### DATA SHOWN
<<<<

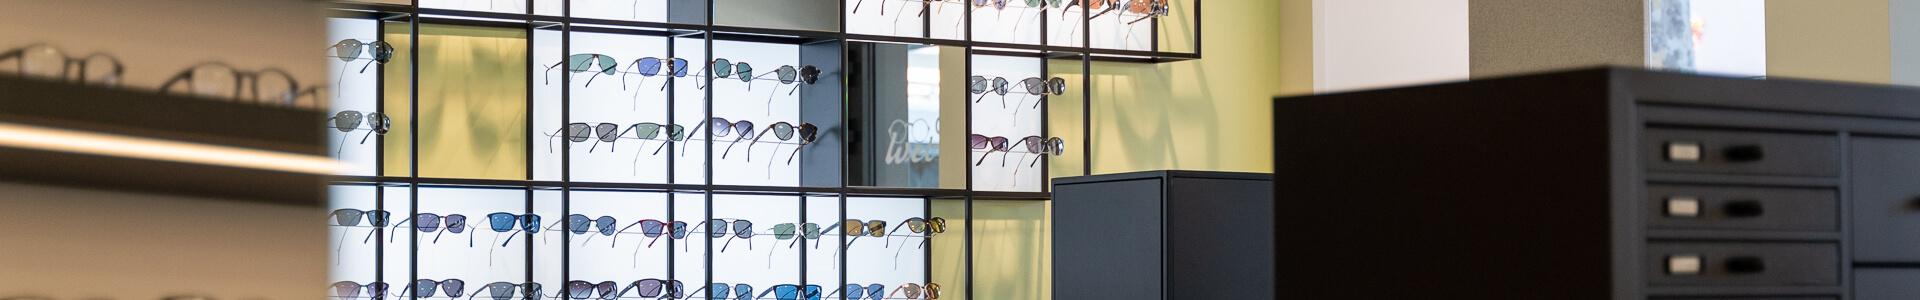 Optik Weber: Bietigheim – Buchzentrum
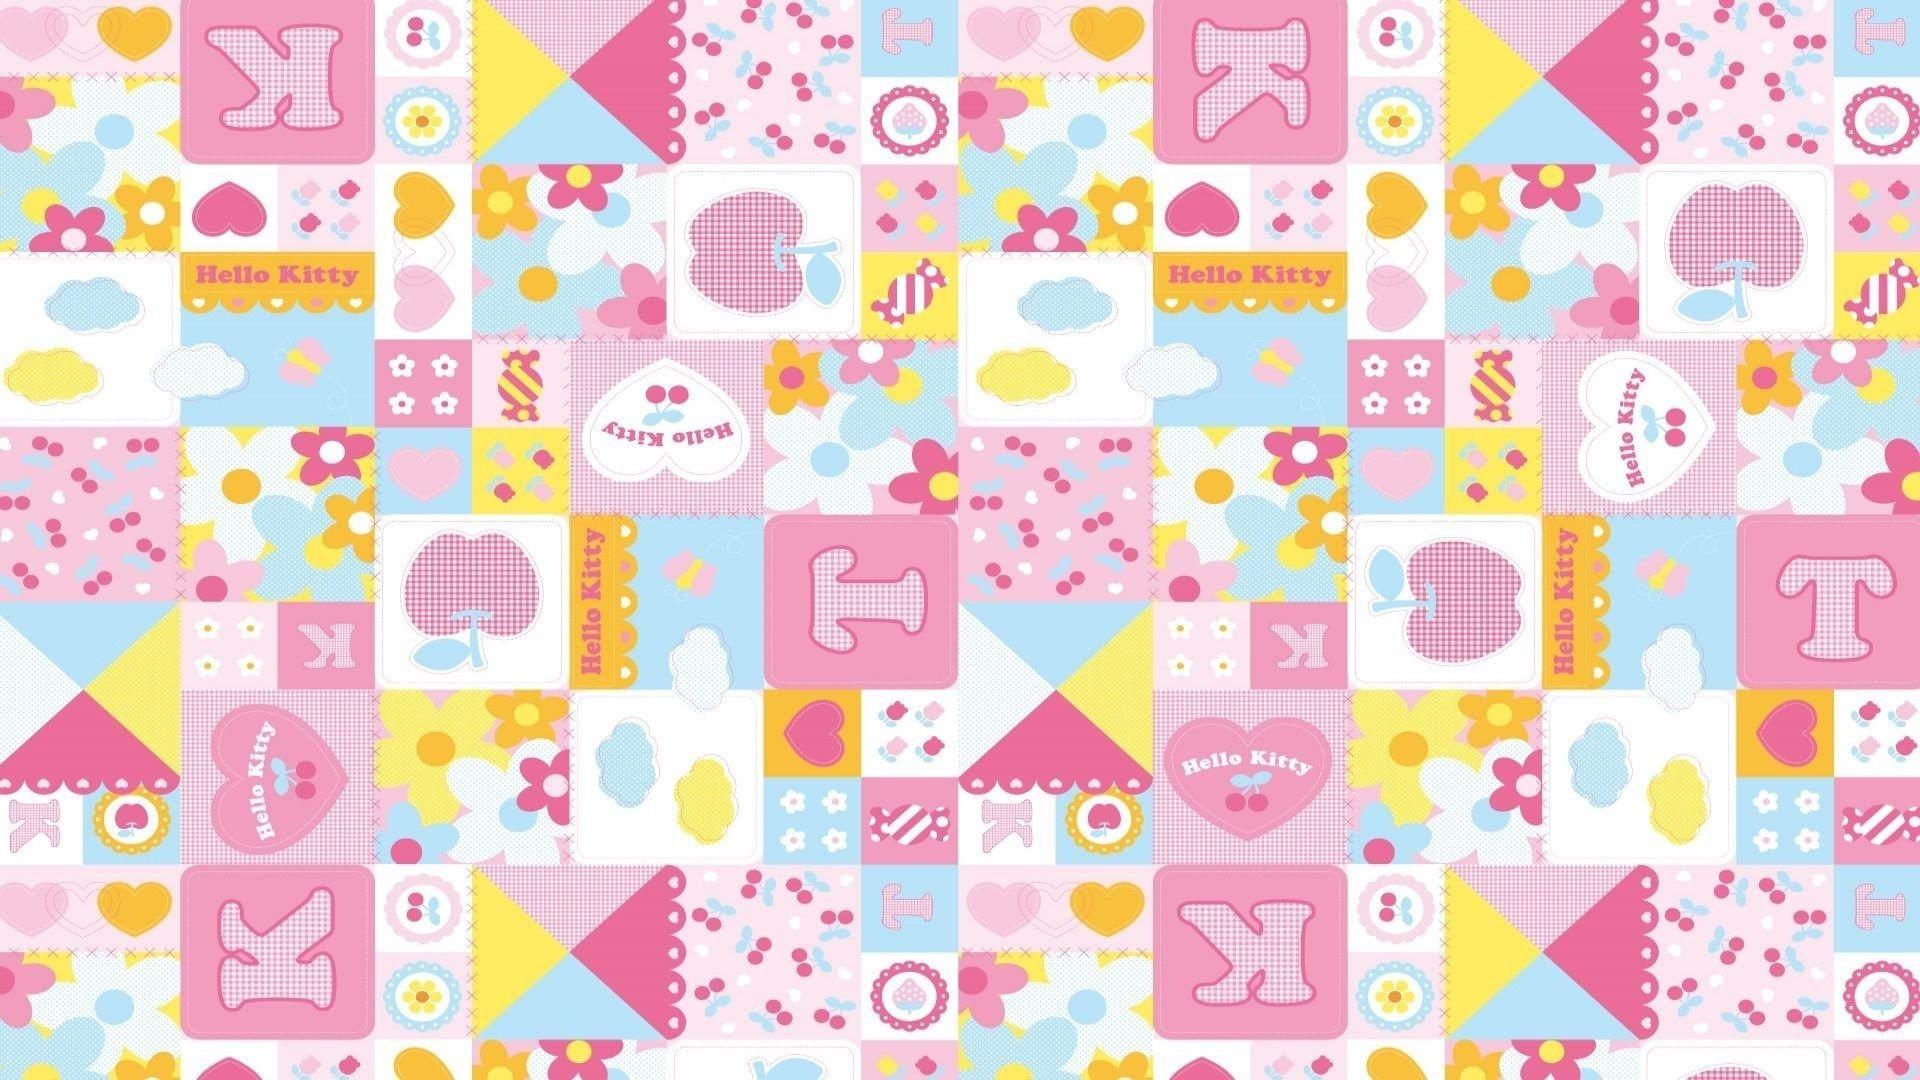 Fantastic Wallpaper Hello Kitty Laptop - 3bf2142826e2b8df7f31f8717fe6f364  Picture_806913.jpg
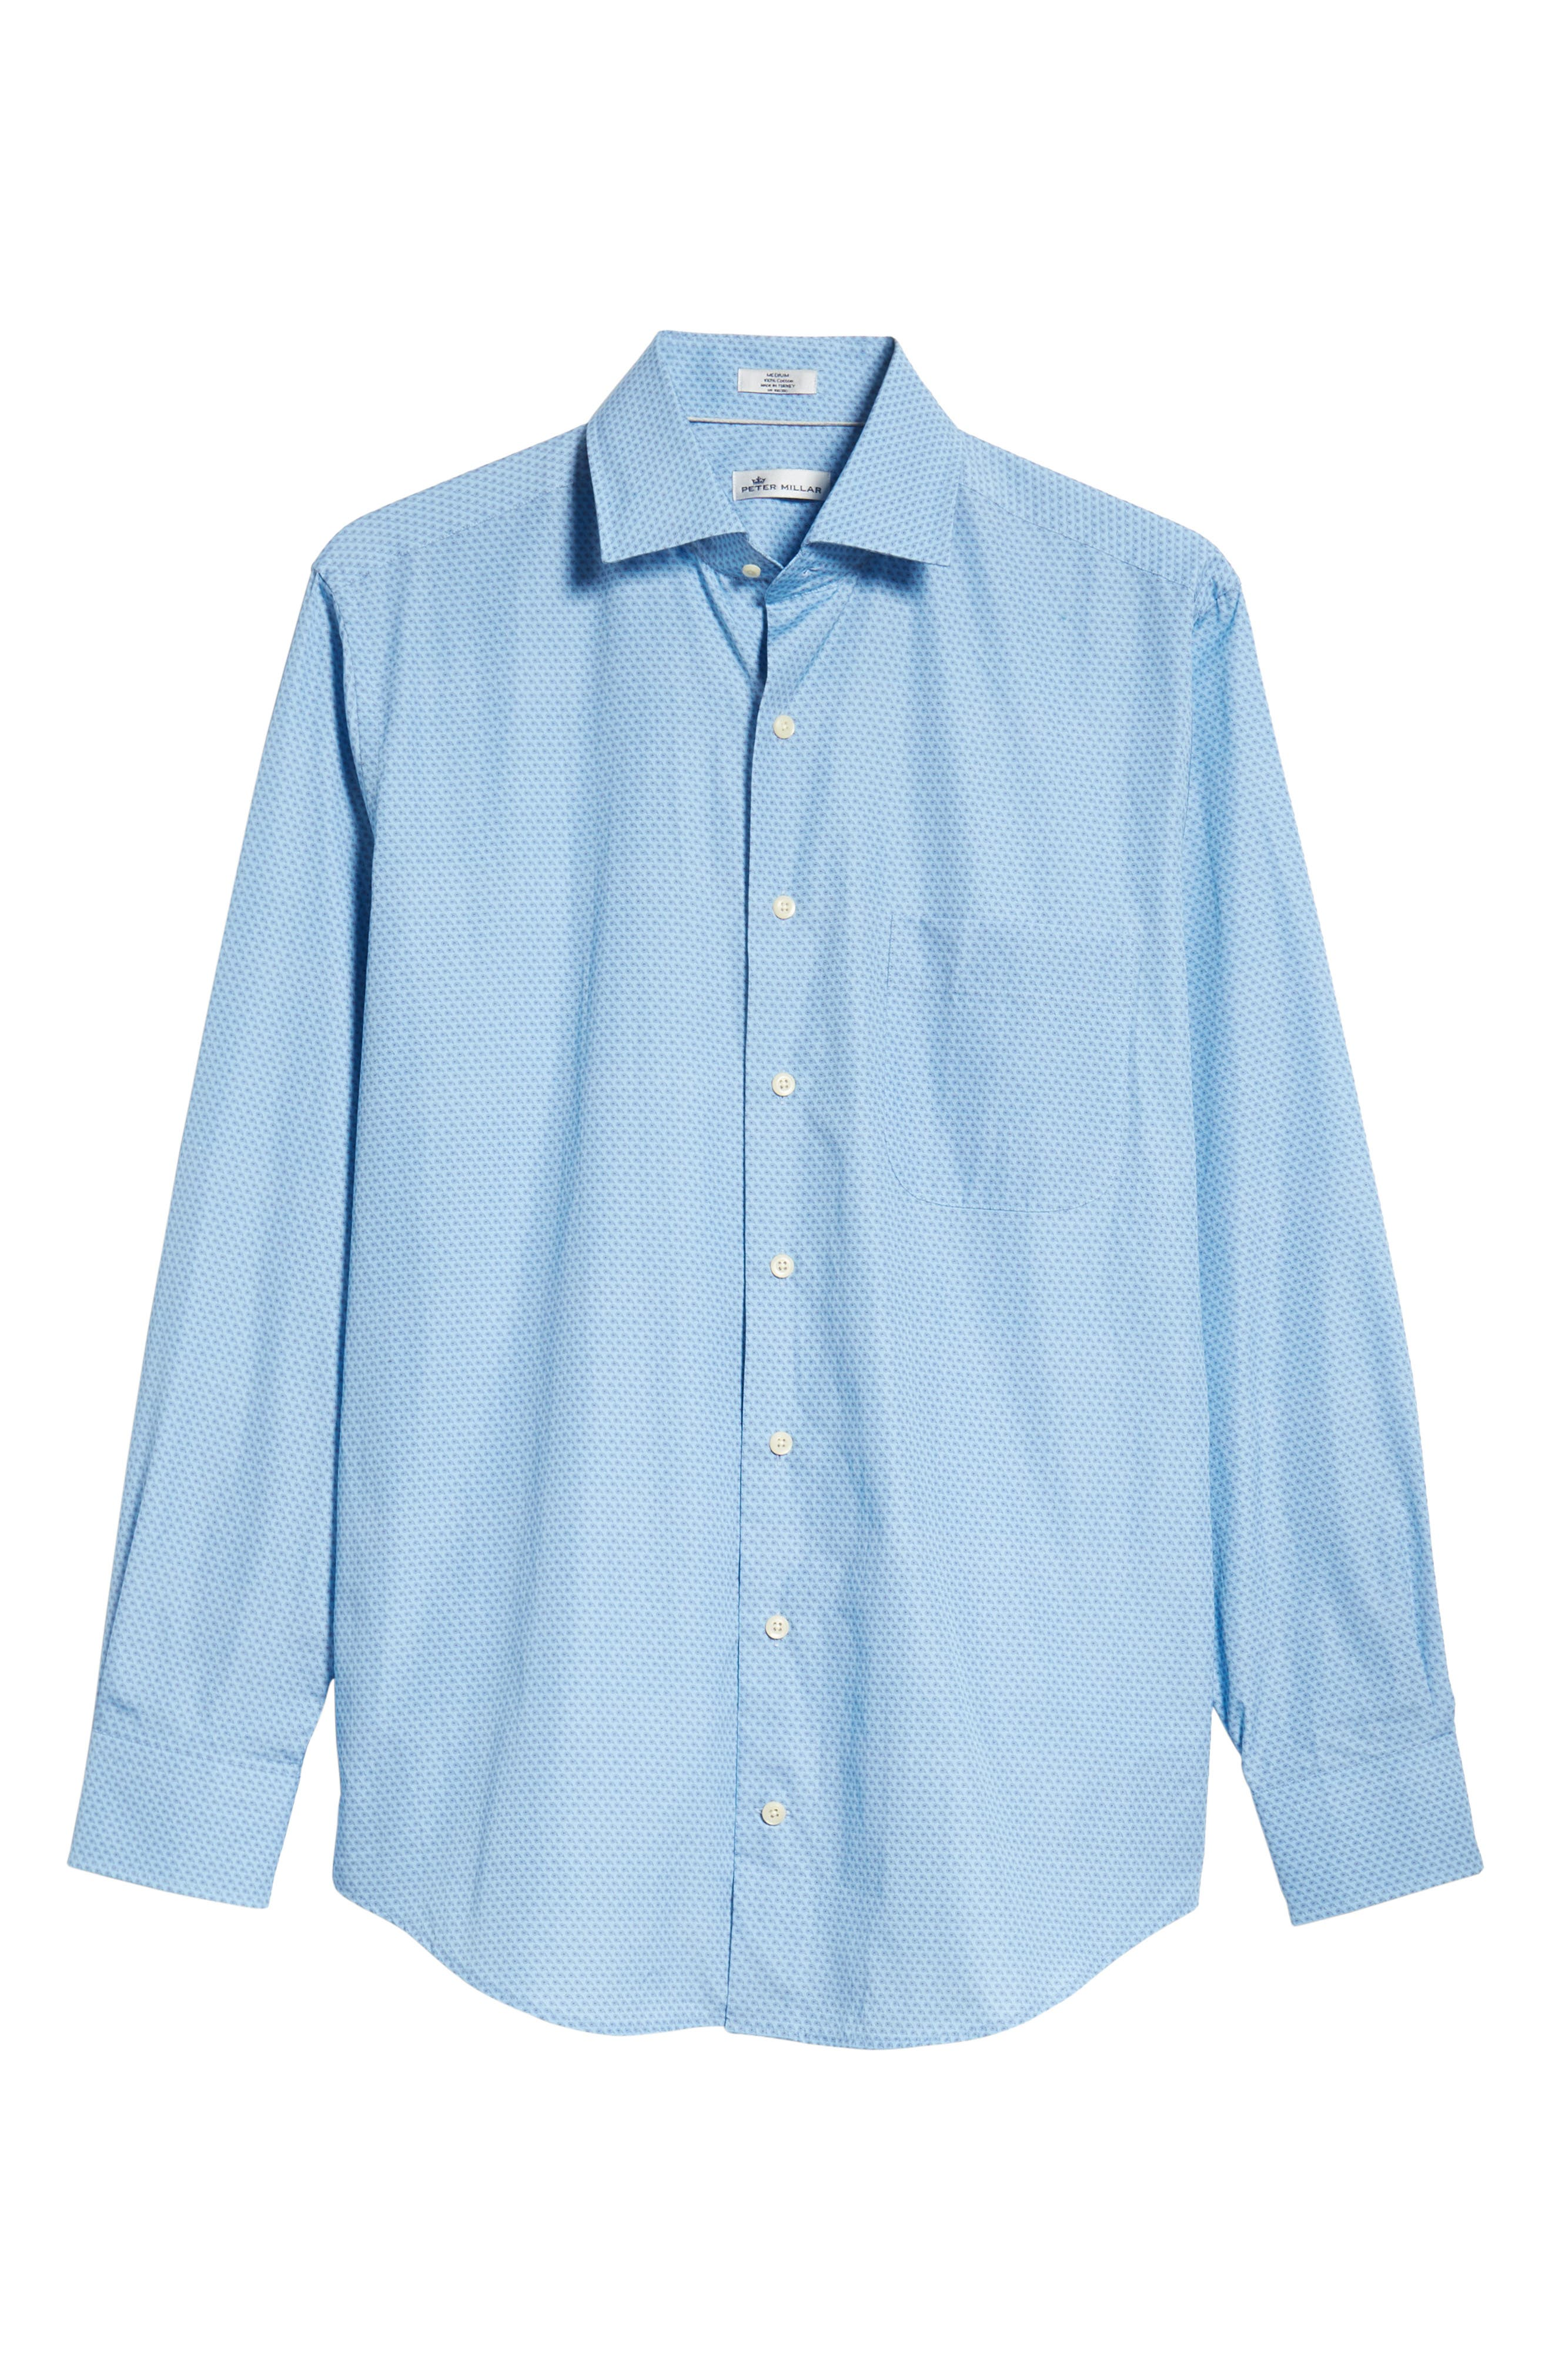 Niblick Regular Fit Sport Shirt,                             Alternate thumbnail 5, color,                             BLUE
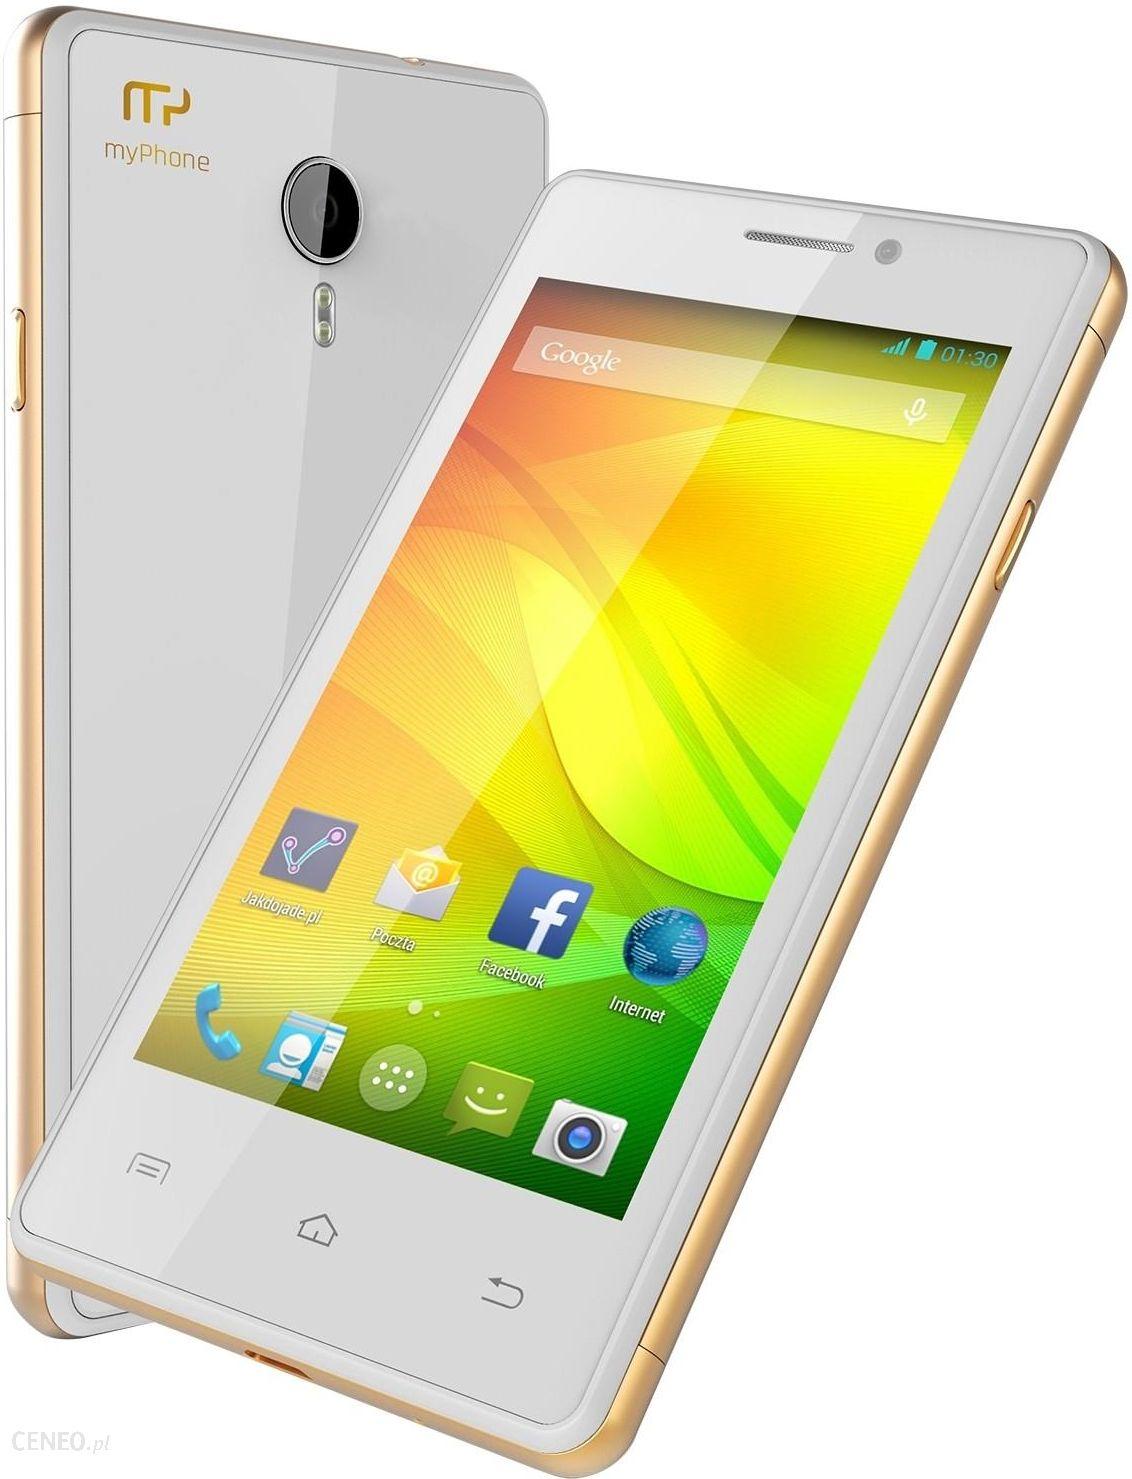 Myphone Compact Dual Sim Bialy Cena Opinie Na Ceneo Pl

>>>>

### TASK PROMPT
All that is needed here is the run of lines from the one containing "Niblick Regular Fit" through the end of the material above, reproduced exactly and without pictures.

### SOLUTION BELOW
 Niblick Regular Fit Sport Shirt,                             Alternate thumbnail 5, color,                             BLUE
 Myphone Compact Dual Sim Bialy Cena Opinie Na Ceneo Pl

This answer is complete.